When working with customers looking to build out a PLG GTM motion, we recommend the following best practices when designing a data schema:
Here’s an example of how your Accounts table might be structured. The Accounts table should only have one distinct row per (updated_at, account_id) value. Included are some examples of column values you might want to include in your Accounts table.
Here’s an example of how your Users table might be structured. The Users table should only have one distinct row per (updated_at, account_id) value. Included are some examples of column values you might want to include in your Users table.
Modeling and Transforming Product Usage Events
One of the most powerful benefits associated with using a CDW is that you can combine data from multiple sources, transform that data, and build views that are useful to business teams. There are a variety of ways to represent Product Usage Events, which we will outline below.
The first option, and a common way to represent metrics, is to treat them as singular values in a column, within a table that is similar to the Accounts and User Tables described above. These metrics are “point-in-time” metrics, so each unique (updated_at, accountId) or (updated_at,userId) row will have one and only one metric value.
The second option is to roll up your metrics by some fixed time period, and treat these rollups as time-series. This is useful if you want to save space, speed up queries, and reduce noise when querying metric data. It’s also useful to store metrics in this way so that you can track change over time, given that you are storing the full history and a specified granularity level. We typically see users opt to do daily rollups.
The third option is to store your metrics as raw events. This can be more expensive to query, but ultimately offers the most flexibility over time. You can choose to store all your raw events and transform them into rollups as views, which are then consumed by downstream integrations. You’ll notice that you can add additional columns to describe the user who is performing the event. This is useful to filter out events based on who performed the event. We typically do not recommend that you add additional columns to describe the event itself. For example, let’s say that you have an event called “Added Integration”. You could choose to add a column for “Integration Type”. However, we recommend that you instead create distinct events for “Added Integration Type A” and “Added Integration Type B”. This is because nesting of events is hard to define and also harder to query over time.

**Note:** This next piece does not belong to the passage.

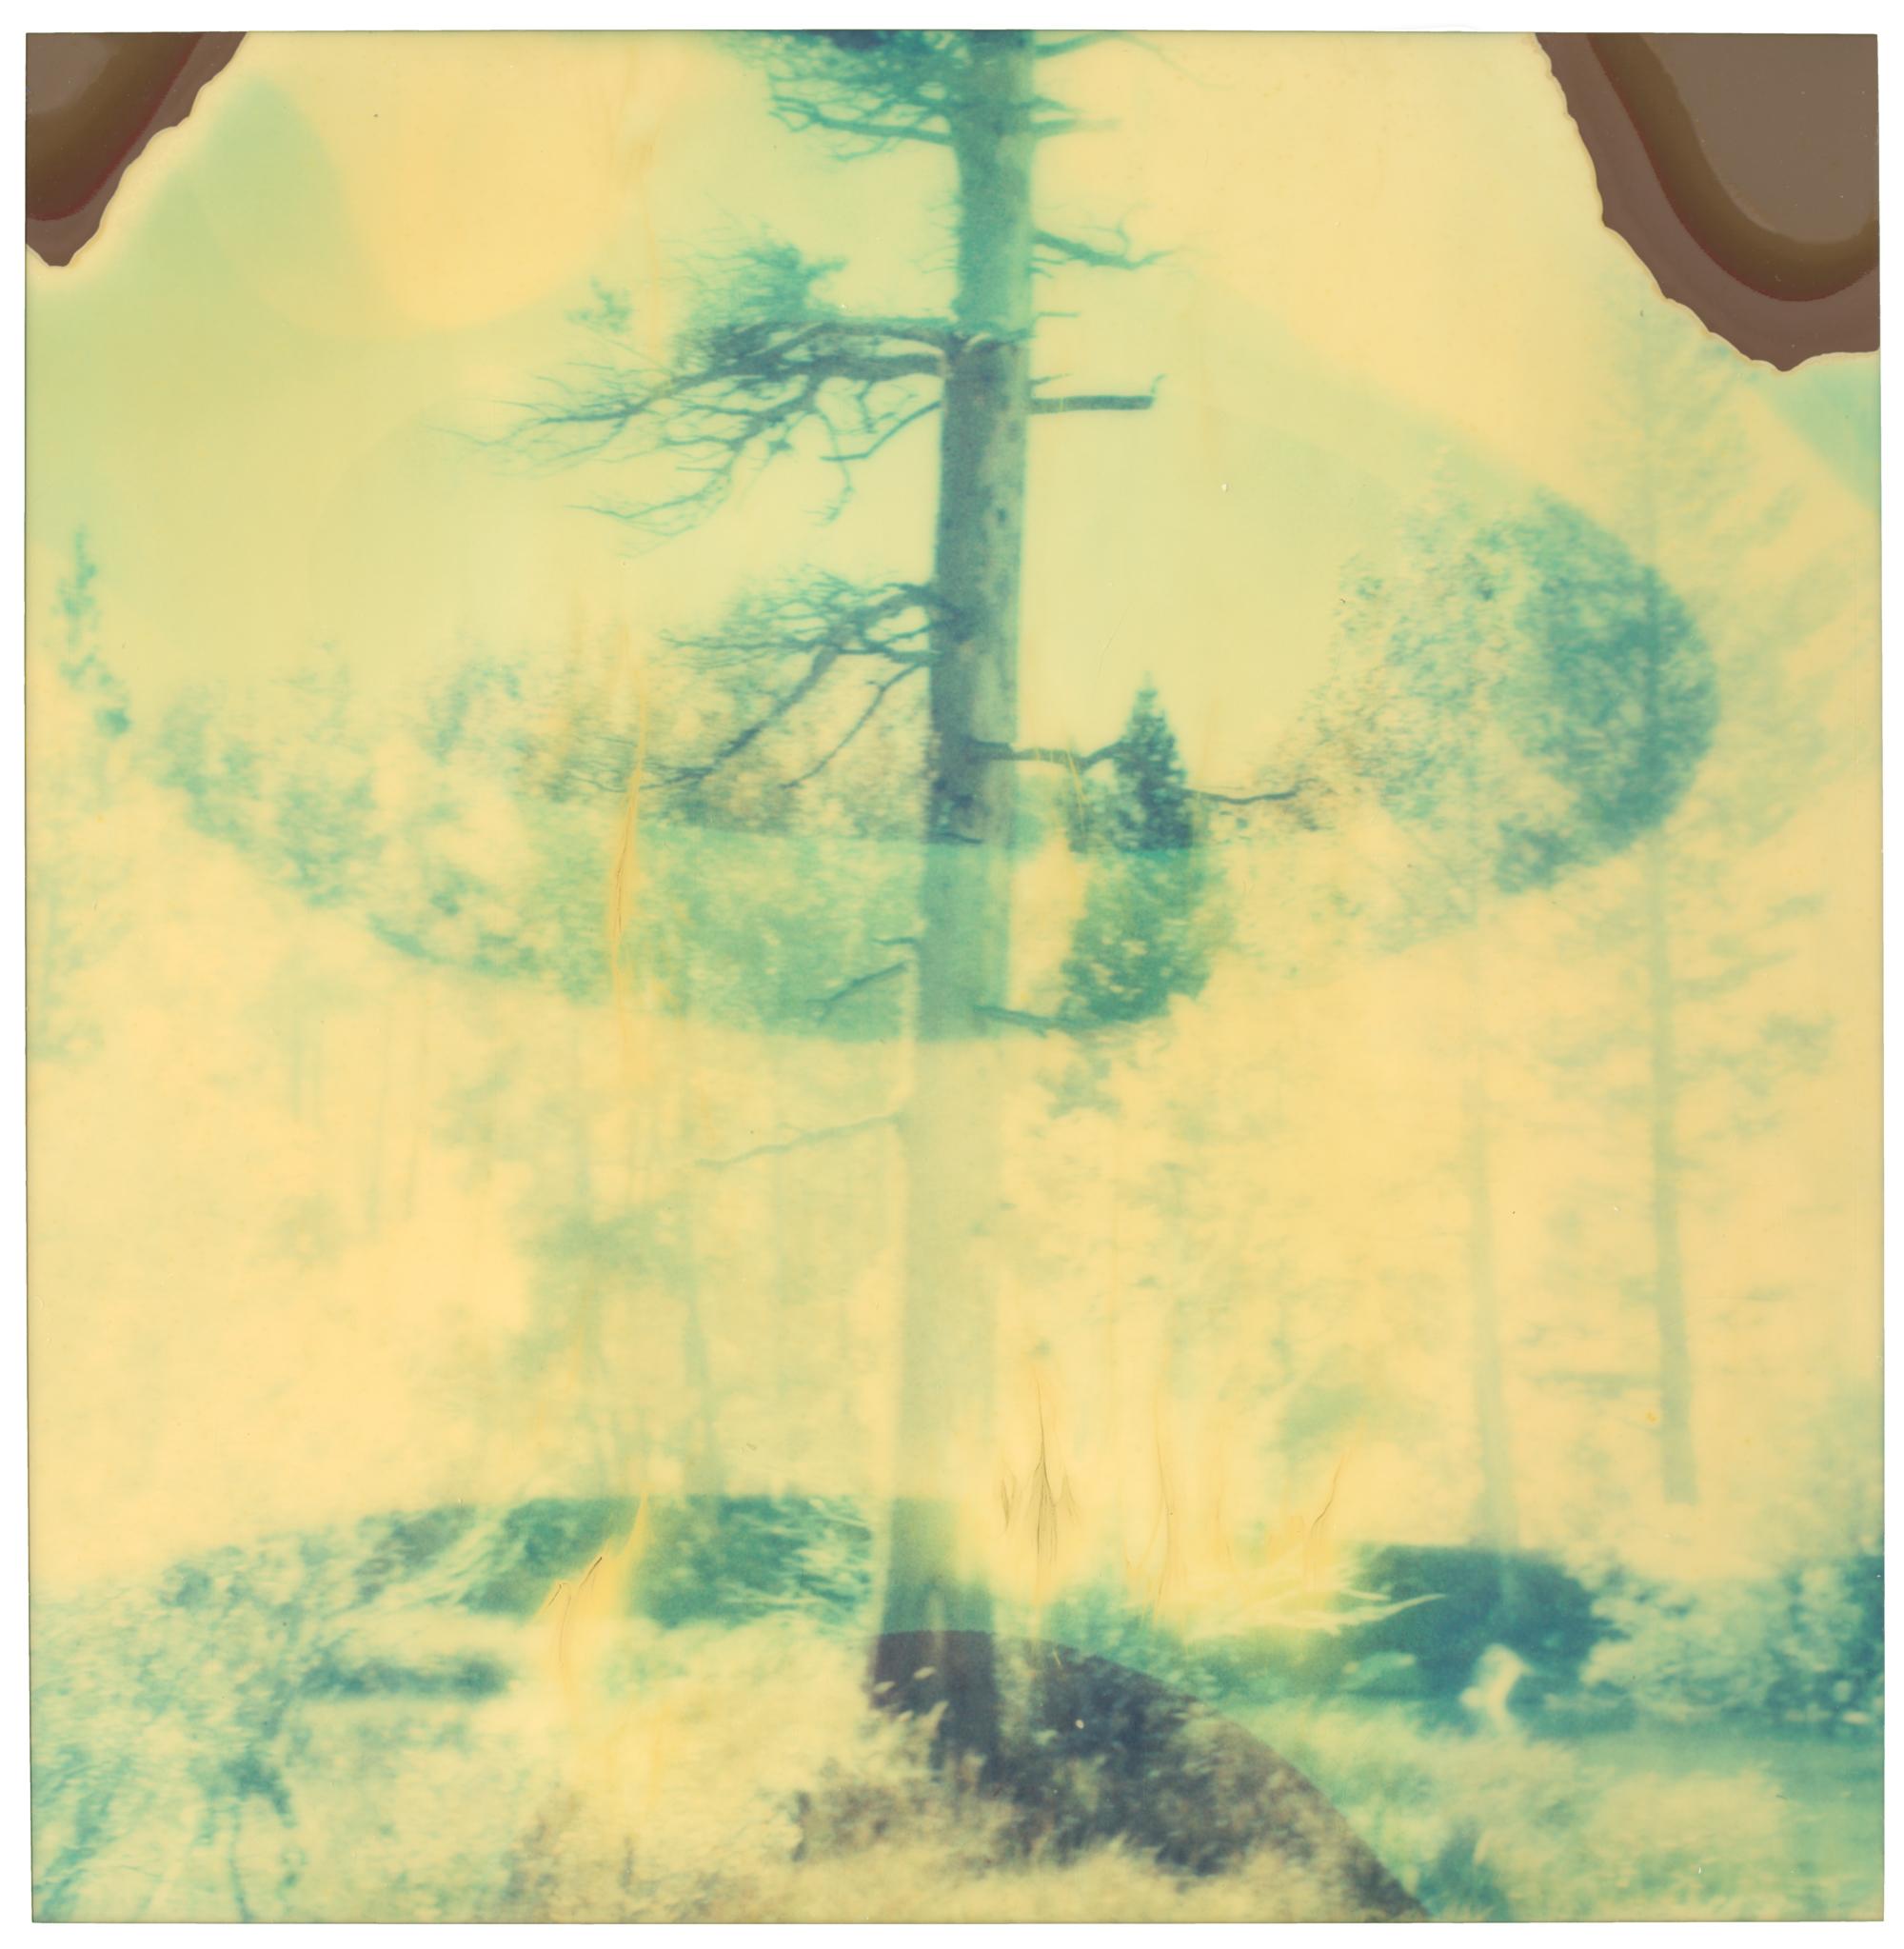 Stefanie Schneider Color Photograph - In the Range of Light II (Wastelands) - Polaroid, Expired. Contemporary, Color

The above recommended schemas should be taken only as recommendations. Each business is different and comes with complex data models. However, the recommended schemas are in-line with the types of schemas that tools like Correlated support. By sticking to these guidelines, you’ll be more likely to fit into the various requirements downstream applications have on the types of views and data models they accept.

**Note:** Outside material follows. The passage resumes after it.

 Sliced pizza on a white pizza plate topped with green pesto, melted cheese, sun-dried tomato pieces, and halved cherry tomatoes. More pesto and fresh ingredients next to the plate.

Advanced Data Modeling for PLG / bottoms-up business models
Many PLG companies struggle with the challenge of successfully grouping users into Accounts. The challenge here, particularly in bottoms-up, self-serve businesses, is that any user could create an organization on their own. Common synonyms for an organization include: teams, workspaces, projects, etc. We’ll refer to organizations as groups going forward. That same user could be a member of multiple teams, workspaces, projects, etc. On top of that, you have the challenge of trying to figure out which Company groups together teams, workspaces, and projects! This is a difficult challenge when it comes to modeling data.
First, before getting any deeper into the data model that we suggest, it’s important to identify the group that you want your GTM teams to take action on. For example, are they selling top-down into the Company? Are they selling individually into teams, because teams in the Company have different use cases and don’t talk to each other? This will help you figure out which unique ID to choose as your canonical “Account ID”, which will often be used by SaaS tools to display Account Lists or other reports and dashboards.

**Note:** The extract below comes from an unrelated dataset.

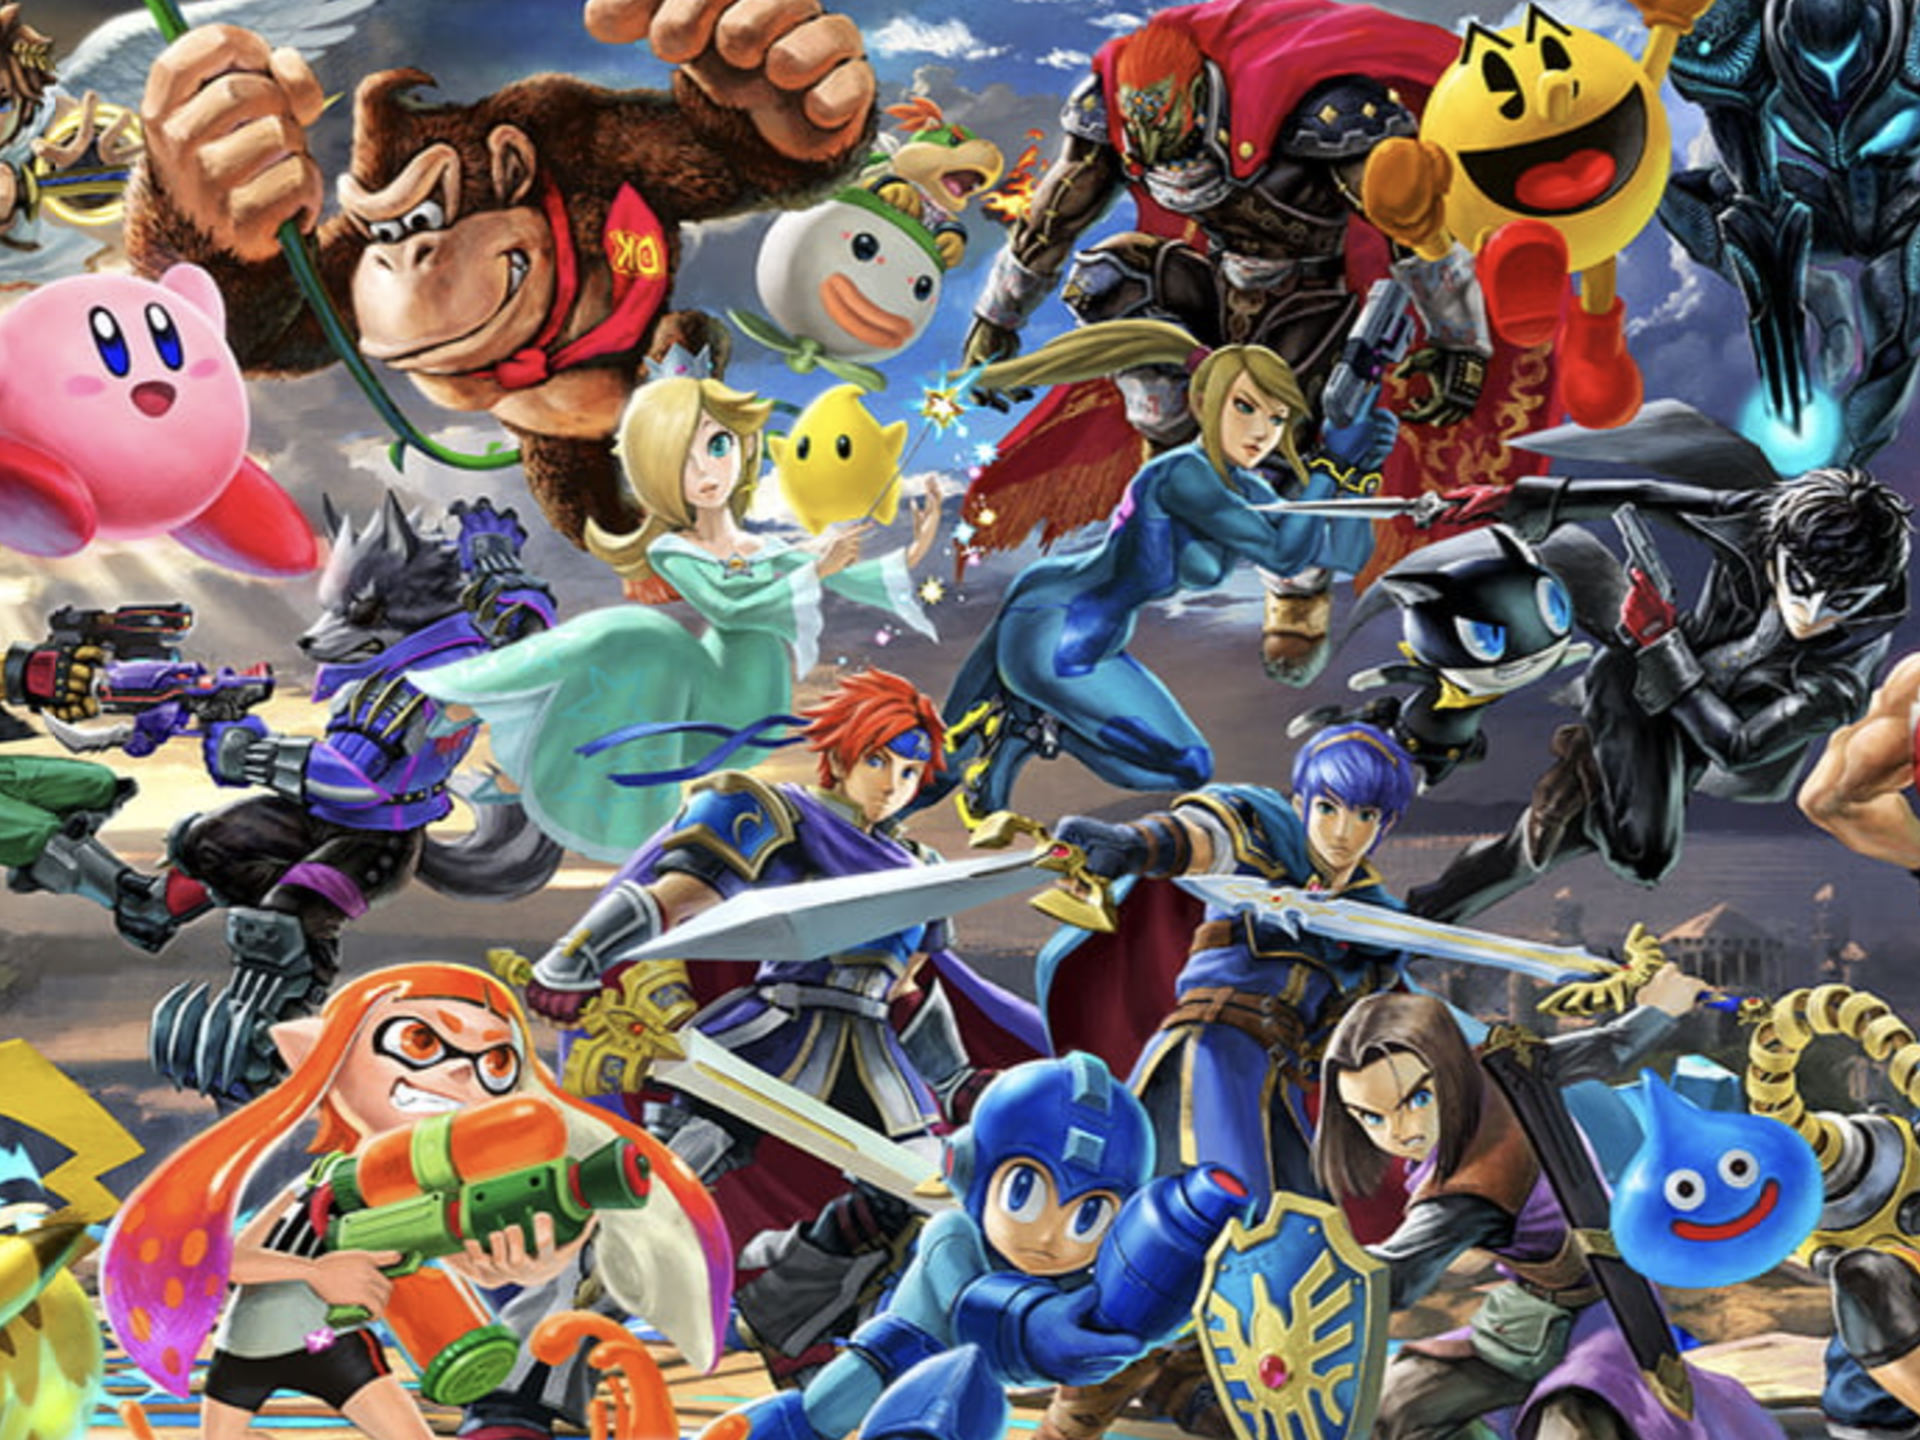 Super Smash Bros. Ultimate' is the best selling fighting game in US history

Next, you’ll want to map how you group your Accounts and Users to the above diagram. Notice that Users can be members of multiple groups, so there is a many:many relationship. Many groups can be members of one Account, so there is a many:1 relationship. By traversing the relationship tree, Users are members of only one Account, in a many:1 relationship. We recommend that companies try their best to map to this schema, as going with a more complex schema is unlikely to be supported by any SaaS tools in the market today. If you do have another conceptual grouping, for example, perhaps you sell into companies by “region” so underneath the Account level, you group “groups” by the region they are in, we recommend treating that as an attribute of the group. For example, rather than creating another object for “Region”, you include the region a group is in as an attribute of that group.
So what schema do we recommend within a Data Warehouse? Our suggestion is to maintain the schema described earlier in this document (one Account and one User table) and add an additional mapping table for Groups.
Now typically, if you don’t already have a way to join groups to Accounts, the most common way we see this done is to use domains to match groups to Accounts. Alternatively, if your Sales reps are updating Salesforce with Account ⇒ Contact relationships, you can also use that mapping to tag groups with the correct Account based on the Account a user in the group is linked to in Salesforce. This will require data modeling internally to get right. Finally, you'll want to create a Users table as shown before, with the additional "group_id" column so that you can map users to groups.
The data model we describe above is what we've discovered to work best based on working with numerous PLG companies. However, it's important to note that every business is different. The most important thing is to figure out how you want to uniquely identify users and various groupings of users, as well as which group of users you want your GTM teams to action off of.